Beyond product state approximations for a quantum analogue of Max Cut
- URL: http://arxiv.org/abs/2003.14394v1
- Date: Tue, 31 Mar 2020 17:41:13 GMT
- Title: Beyond product state approximations for a quantum analogue of Max Cut
- Authors: Anurag Anshu, David Gosset, Karen Morenz
- Abstract summary: We consider a problem where the goal is to approximate the maximum eigenvalue of a two-local Hamiltonian.
Previous work has shed light on this problem's approximability by product states.
We show that for any instance defined by a 3- or 4-regular graph, there is an efficiently computable shallow quantum circuit that prepares a state with energy larger than the best product state.

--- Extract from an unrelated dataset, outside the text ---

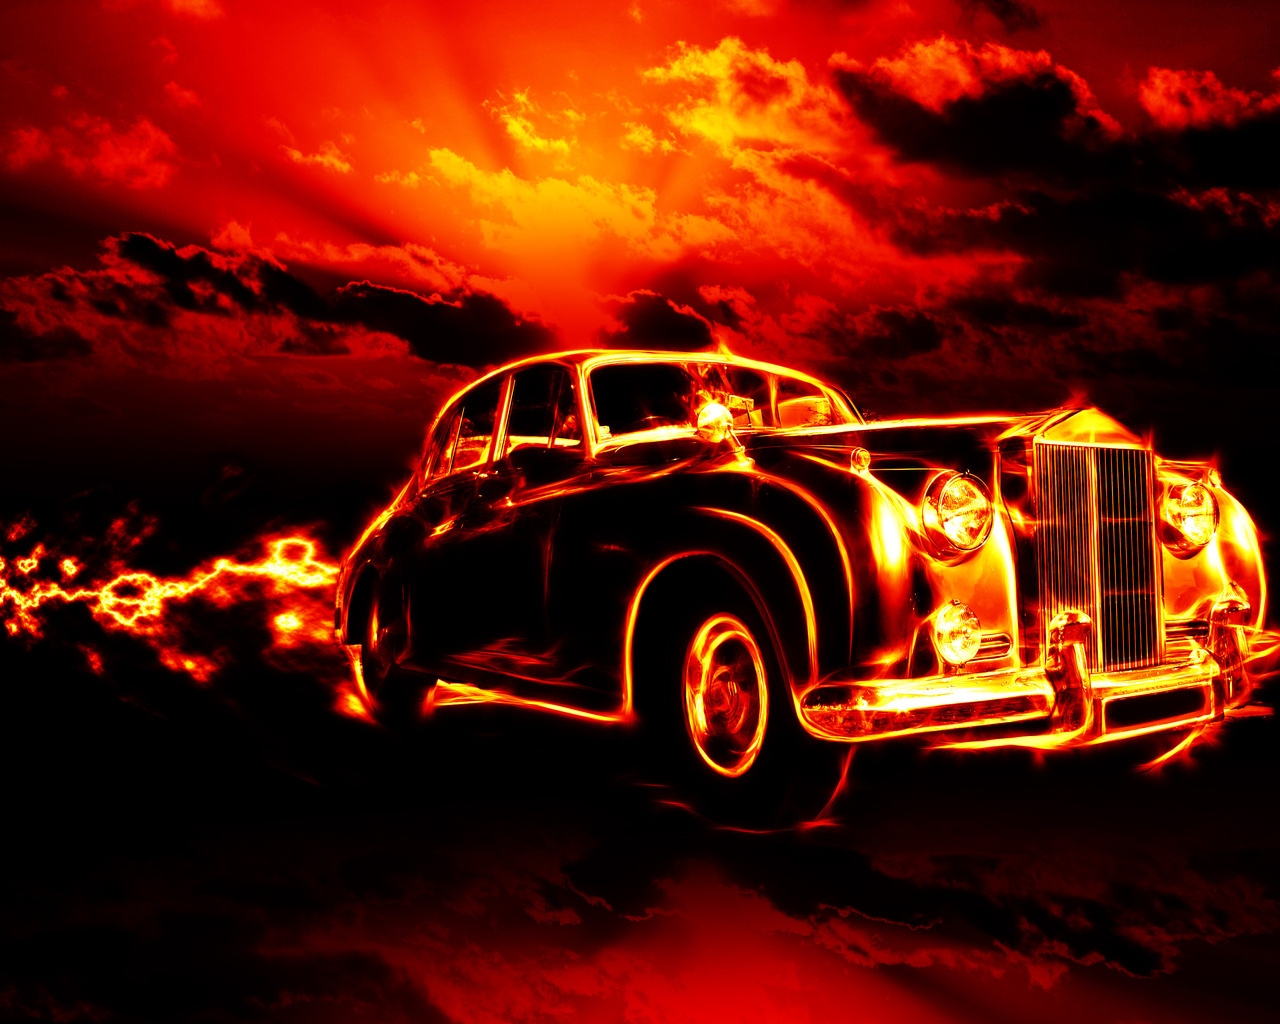 Vintage Car in Fire for 1280 x 1024 resolution
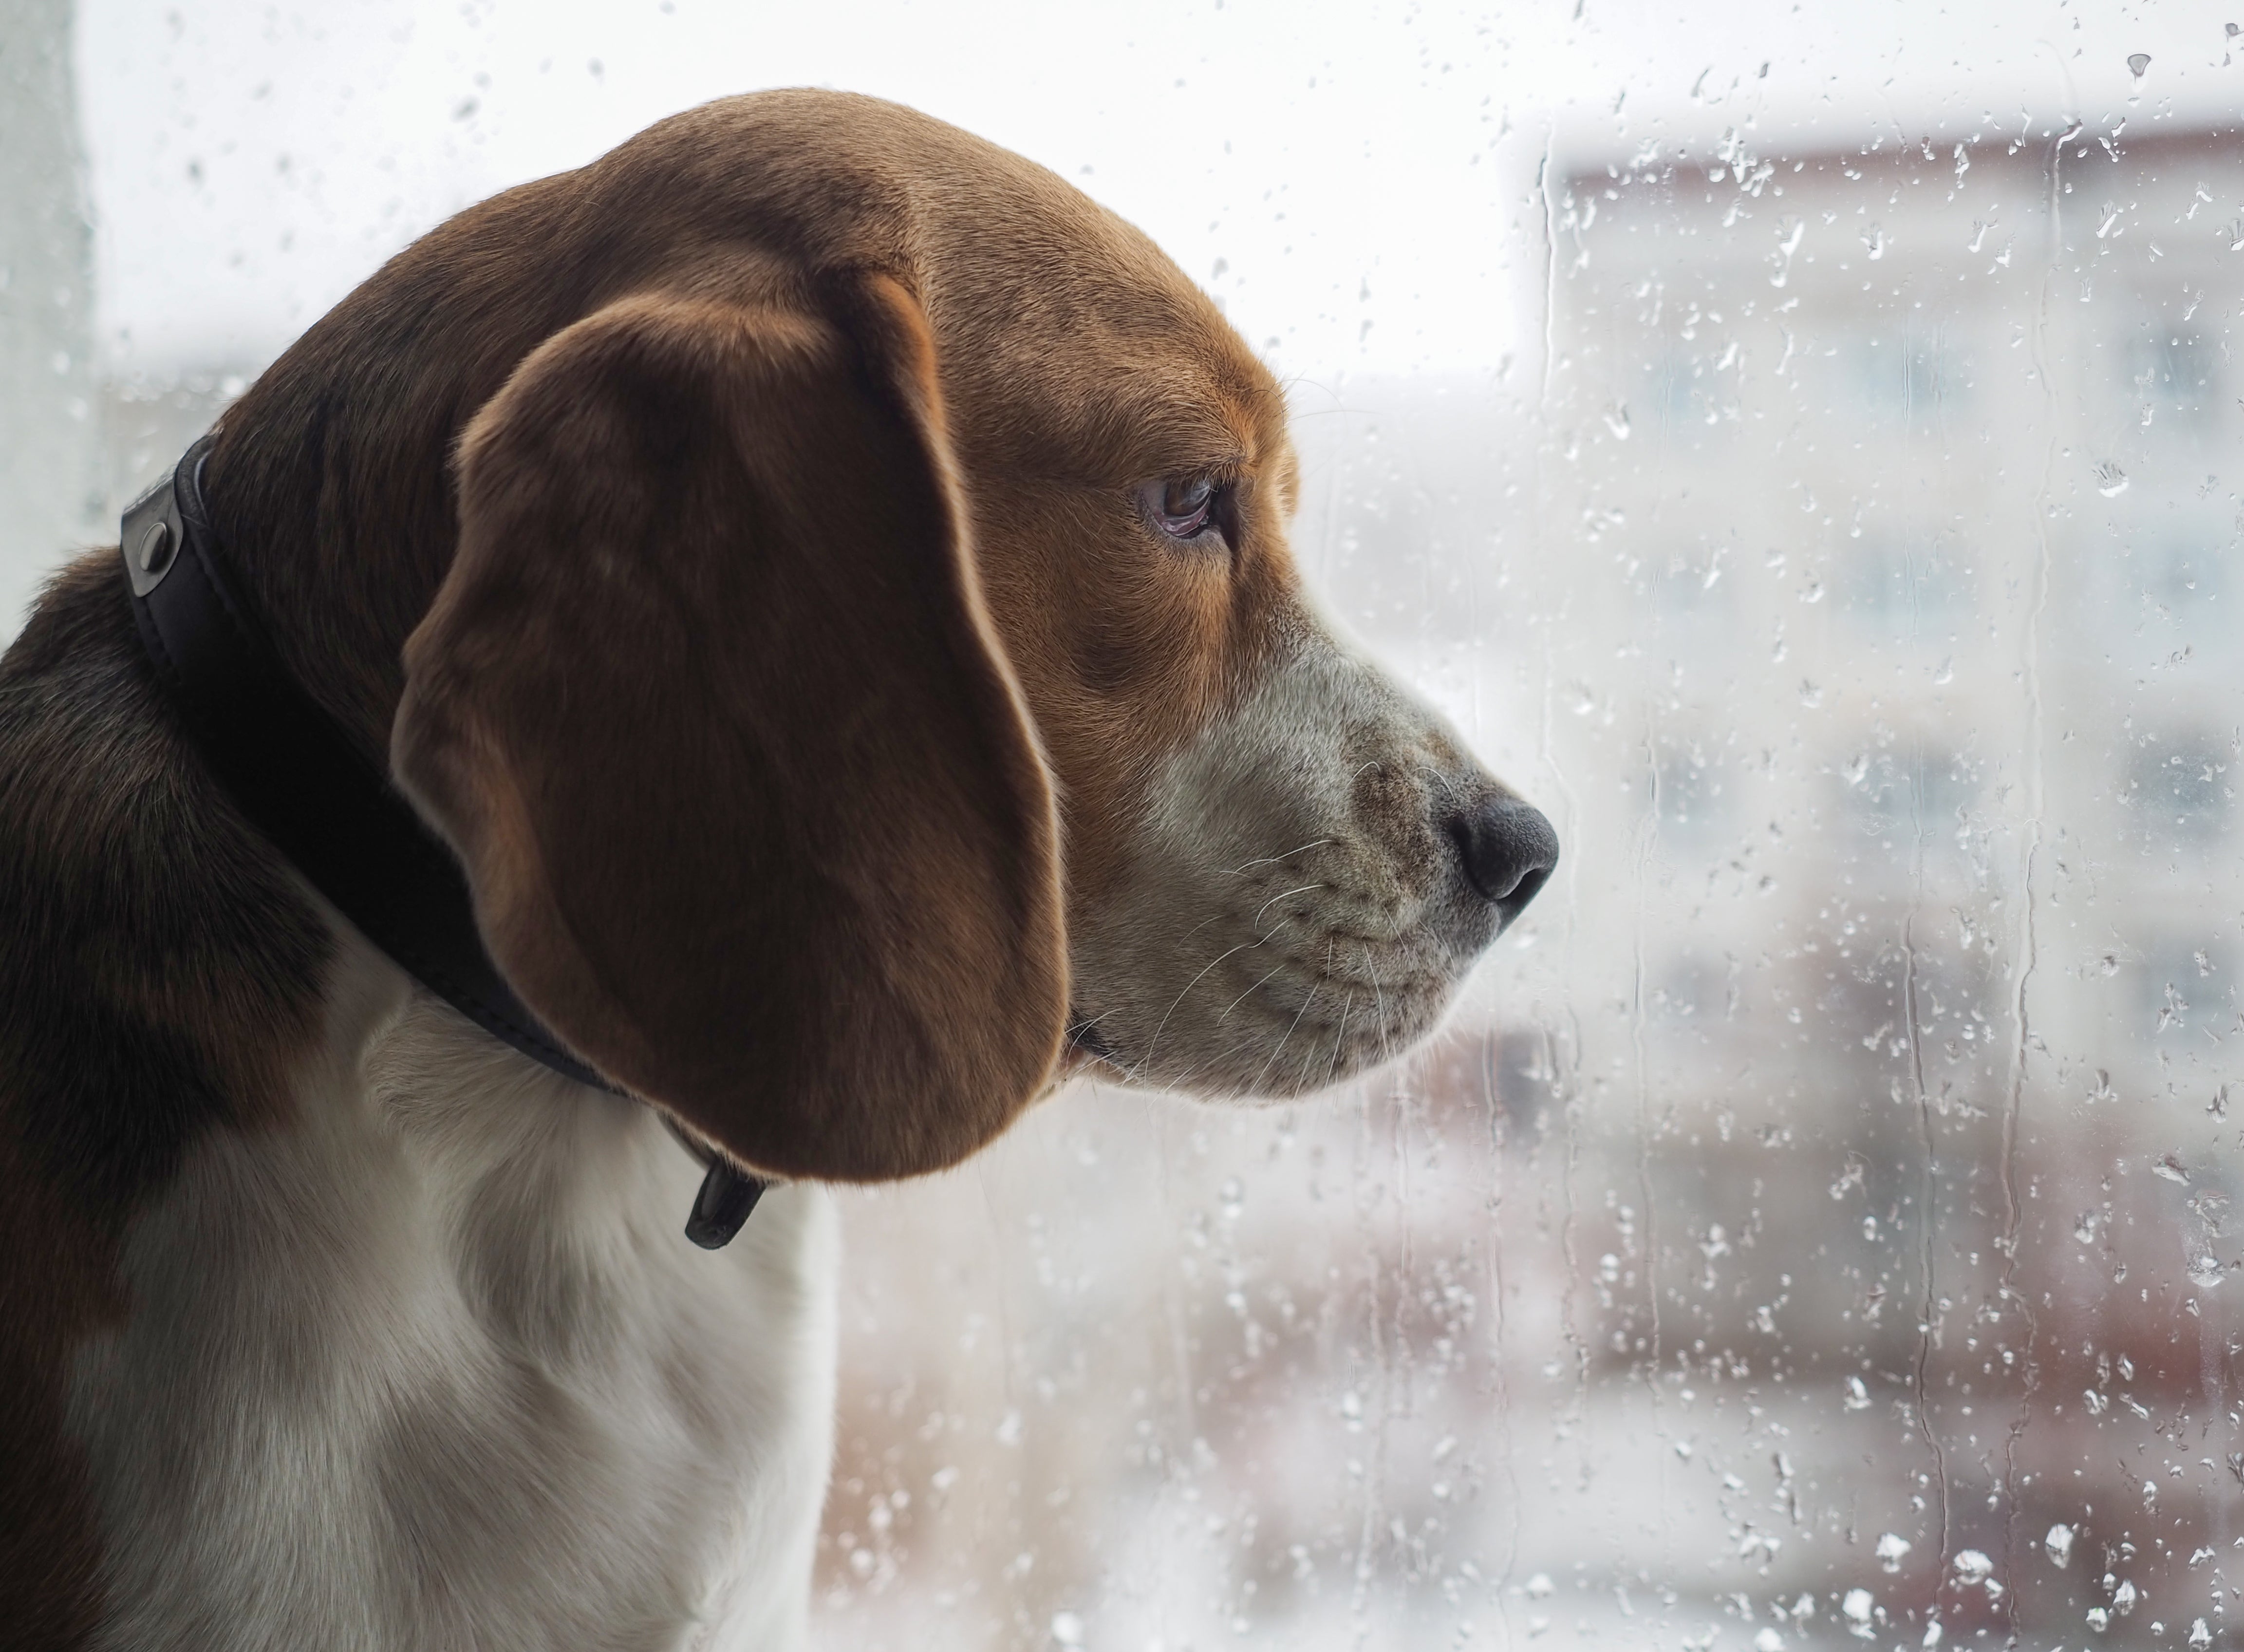 Sad dog looking out of window

- Score: 14.567067583556714
- License: http://arxiv.org/licenses/nonexclusive-distrib/1.0/
- Abstract: We consider a computational problem where the goal is to approximate the
maximum eigenvalue of a two-local Hamiltonian that describes Heisenberg
interactions between qubits located at the vertices of a graph. Previous work
has shed light on this problem's approximability by product states. For any
instance of this problem the maximum energy attained by a product state is
lower bounded by the Max Cut of the graph and upper bounded by the standard
Goemans-Williamson semidefinite programming relaxation of it. Gharibian and
Parekh described an efficient classical approximation algorithm for this
problem which outputs a product state with energy at least 0.498 times the
maximum eigenvalue in the worst case, and observe that there exist instances
where the best product state has energy 1/2 of optimal. We investigate
approximation algorithms with performance exceeding this limitation which are
based on optimizing over tensor products of few-qubit states and shallow
quantum circuits. We provide an efficient classical algorithm which achieves an
approximation ratio of at least 0.53 in the worst case. We also show that for
any instance defined by a 3- or 4-regular graph, there is an efficiently
computable shallow quantum circuit that prepares a state with energy larger
than the best product state (larger even than its semidefinite programming
relaxation).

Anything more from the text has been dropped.